In 2013, after bitter internal debate, the BSA decided to allow openly gay youth as scouts, but not gay adults as leaders.
Under
the new resolution, local scout units would be able to select adult
leaders without regard to sexual orientation — a stance that several
scout councils have already adopted in defiance of the official national
policy.
"This change allows Scouting's
members and parents to select local units, chartered to organizations
with similar beliefs, that best meet the needs of their families," the
BSA statement said. "This change would also respect the right of
religious chartered organizations to continue to choose adult leaders
whose beliefs are consistent with their own."
Several
denominations that sponsor large numbers of Scout units — including the
Roman Catholic Church, the Mormon church and the Southern Baptist Convention — have been apprehensive about ending the ban on gay adults.

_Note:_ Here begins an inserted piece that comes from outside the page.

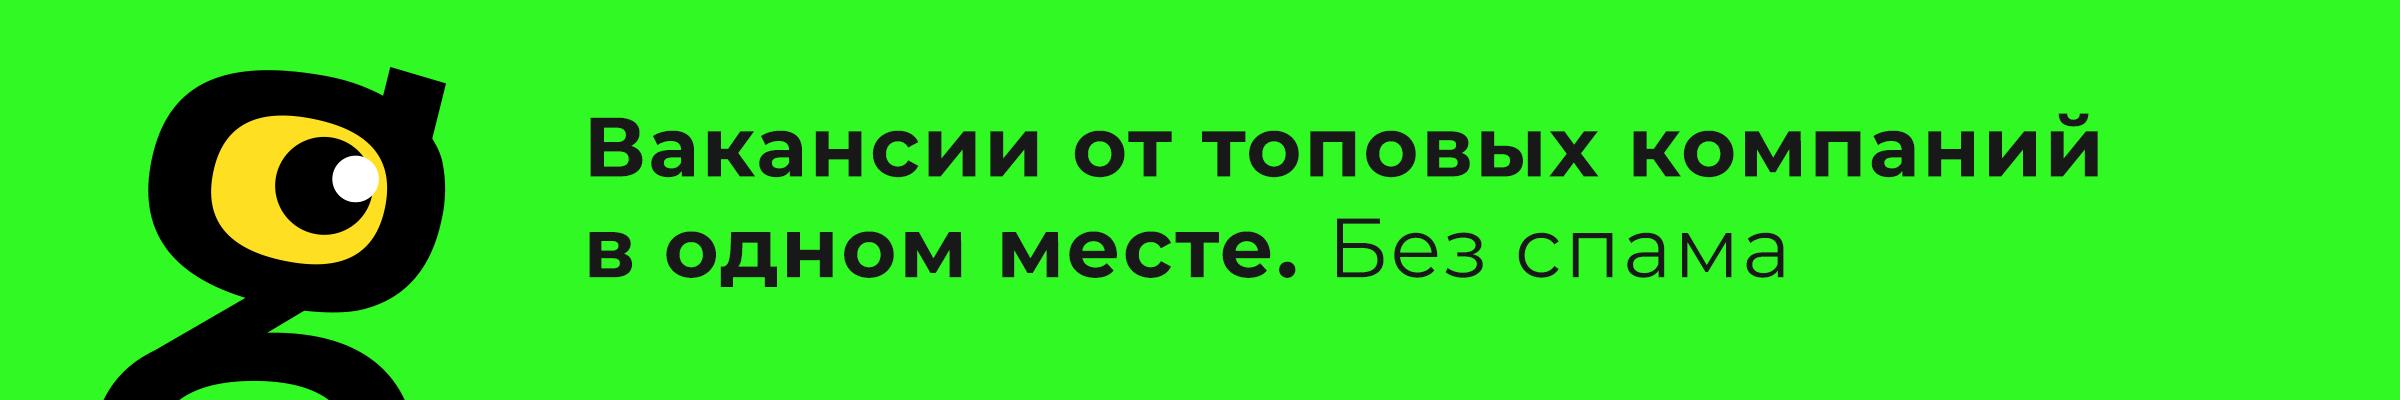 Как в России пытаются воскресить мамонта - 17

Southern Evangelical Seminary President Richard Land,
who formerly led the Southern Baptist Convention's Ethics and Religious
Liberty Commission, said he was glad the policy allowed an exemption
for religiously sponsored groups, but it didn't resolve his main
concern: That neither boys or girls in scouting should have leaders who
are sexually attracted to their gender, whether the leader is gay or
straight.
"If you put them in the compromising situations that you
are sometimes in with Scout leaders and Scouts, in terms of camping and
other situations, it could lead to great tragedy for children," Land
said. "It's best to avoid the temptation."
In a memo sent Monday
to local Scout officials nationwide, the BSA's top leaders said they had
consulted their religious partners before acting on the resolution, and
they pledged to defend the right of any church-sponsored units to
continue excluding gay adults from leadership posts.
The BSA
"rejects any interference with or condemnation of the diverse beliefs of
chartering organizations on matters of marriage, family, and
sexuality," the memo said.
The Mormon church, in a statement,
indicated that this stance was crucial to its continued role as a
leading sponsor of Boy Scout units.
"As a chartering organization, The Church of Jesus Christ of Latter-day Saints
has always had the right to select Scout leaders who adhere to moral
and religious principles that are consistent with our doctrines and
beliefs," the church said. "Any resolution adopted by the Boy Scouts of
America regarding leadership in Scouting must continue to affirm that
right."
The BSA's deference to the religious organizations was criticized by Chad Griffin, president of the Human Rights Campaign, a national LGBT-rights group.
"Half
measures are unacceptable and discriminatory exemptions have no place
in the Boy Scouts," Griffin said in a statement. "It's long overdue that
BSA leaders demonstrate true leadership and embrace a full national
policy of inclusion."
Among other points in the BSA's memo:
—Prospective
employees of the national organization could no longer be denied a
staff position on the basis of sexual orientation.
—Gay leaders
who were previously removed from Scouting because of the ban would have
the opportunity to reapply for volunteer positions.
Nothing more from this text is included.